5. D'une part, il ressort des pièces du dossier que M. B s'est vu délivrer une autorisation de travail le 12 janvier 2023 en vue d'occuper un emploi de boucher au sein de la société " Boucherie de Moronval ", dans le cadre d'un contrat à durée indéterminée et a, à cette fin, sollicité un visa de long séjour en qualité de travailleur salarié. Il ressort encore des pièces du dossier que le propriétaire de la " Boucherie de Moronval ", qui possède également trois autres établissements de même nature, a, antérieurement à la demande de visa litigieuse, recruté sept salariés supplémentaires du fait de l'accroissement de son activité, que les comptes de résultat de sa société pour les années 2021 et 2022, permettent d'établir la réalité et le caractère sérieux de l'emploi proposé à M. B. D'autre part, pour établir l'adéquation entre sa qualification et son expérience professionnelle, et l'emploi sollicité, le requérant produit un diplôme professionnel délivré par l'académie régionale des études professionnelles, au titre de la promotion 2021-2022, précisant qu'il a suivi avec succès les examens de fin d'études de la formation " la boucherie moderne ". Il produit également une attestation de travail établie le 18 janvier 2023 par M. C, gérant d'une boucherie à Khemisset, au Maroc, selon laquelle l'intéressé exerce des fonctions de boucher au sein de son commerce. Par suite, M. B est fondé à soutenir que la commission de recours contre les décisions de refus de visa d'entrée en France a commis une erreur d'appréciation en estimant qu'il avait sollicité un visa de long séjour à d'autres fins que d'occuper l'emploi sollicité, les circonstances qu'il est âgé de vingt-deux ans et que son employeur est son oncle étant, à cet égard, sans incidence.

6. Il résulte de ce qui précède que M. B est fondé à demander l'annulation de la décision attaquée.

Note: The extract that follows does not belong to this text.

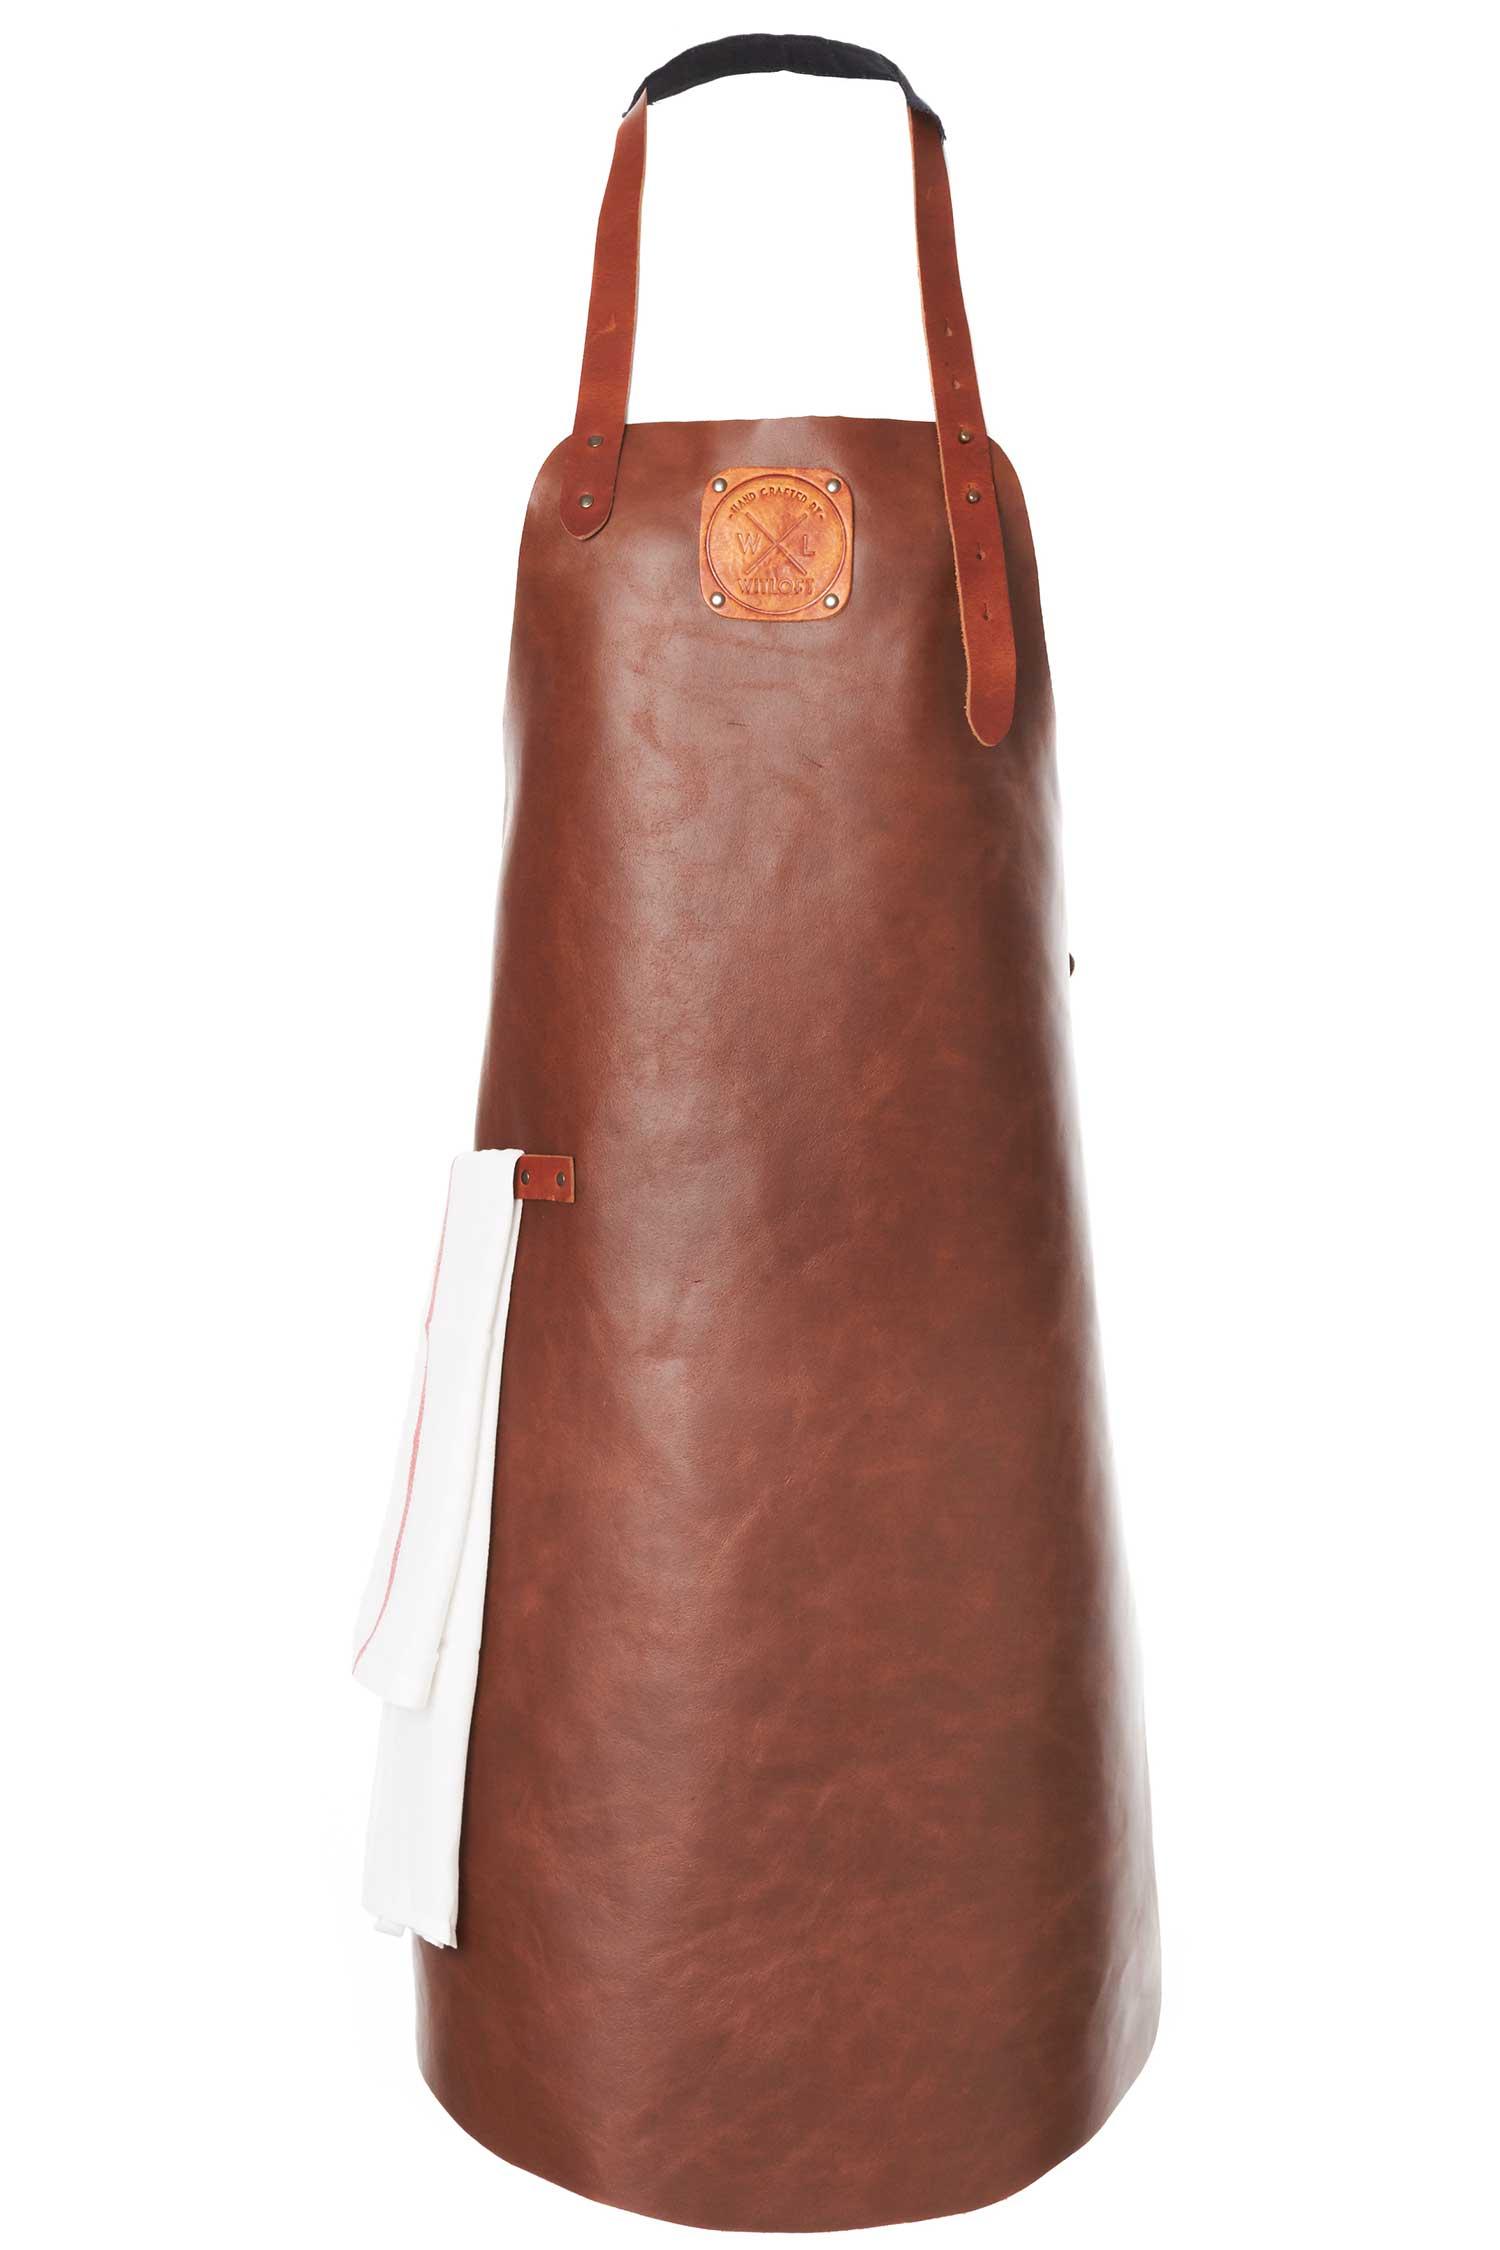 Witloft apron classic collection cognac colored with a cognac strap

Sur les conclusions à fin d'injonction :

7. Eu égard au motif d'annulation retenu, l'exécution du présent jugement implique nécessairement qu'un visa de long séjour soit délivré à M. B. Par suite, il est enjoint au ministre de l'intérieur de faire délivrer le visa sollicité dans un délai de deux mois à compter de la notification de ce jugement.

Sur les frais liés au litige :

8. Il y a lieu, dans les circonstances de l'espèce, de mettre à la charge de l'État la somme de 1 200 euros (mille deux cents euros) à verser à M. B, au titre des dispositions de l'article L. 761-1 du code de justice administrative. En revanche, la société " la boucherie Moronval ", intervenant au soutien de M. B, n'étant pas partie à la présente instance, sa demande présentée sur le fondement des mêmes dispositions doit être rejetée.

D E C I D E :

Article 1er : L'intervention de la société " la boucherie Moronval " est admise.

Article 2 : La décision implicite de la commission de recours contre les décisions de refus de visa d'entrée en France, née le 22 juillet 2023, est annulée.

Article 3 : Il est enjoint au ministre de l'intérieur de faire délivrer à M. B un visa de long séjour dans un délai de deux mois à compter de la notification du présent jugement.

Article 4 : L'Etat versera à M. B une somme de 1 200 euros (mille deux cents euros) au titre des dispositions de l'article L. 761-1 du code de justice administrative.

Article 5 : Les conclusions présentées par la société " Boucherie Moronval " au titre de l'article L. 761-1 du code de justice administrative sont rejetées.

Article 6 : Le présent jugement sera notifié à M. A B, à la société " la boucherie Moronval " et au ministre de l'intérieur et des outre-mer.

Délibéré après l'audience du 23 septembre 2024, à laquelle siégeaient :

Mme Claire Chauvet, présidente,

Mme Marina André, première conseillère,

M. Emmanuel Bernard, conseiller.

Rendu public par mise à disposition au greffe le 14 octobre 2024.

La rapporteure,

Marina André

La présidente,

Claire Chauvet

La greffière,

Anne Voisin

La République mande et ordonne au ministre de l'intérieur en ce qui le concerne ou à tous commissaires de justice à ce requis en ce qui concerne les voies de droit commun contre les parties privées, de pourvoir à l'exécution de la présente décision.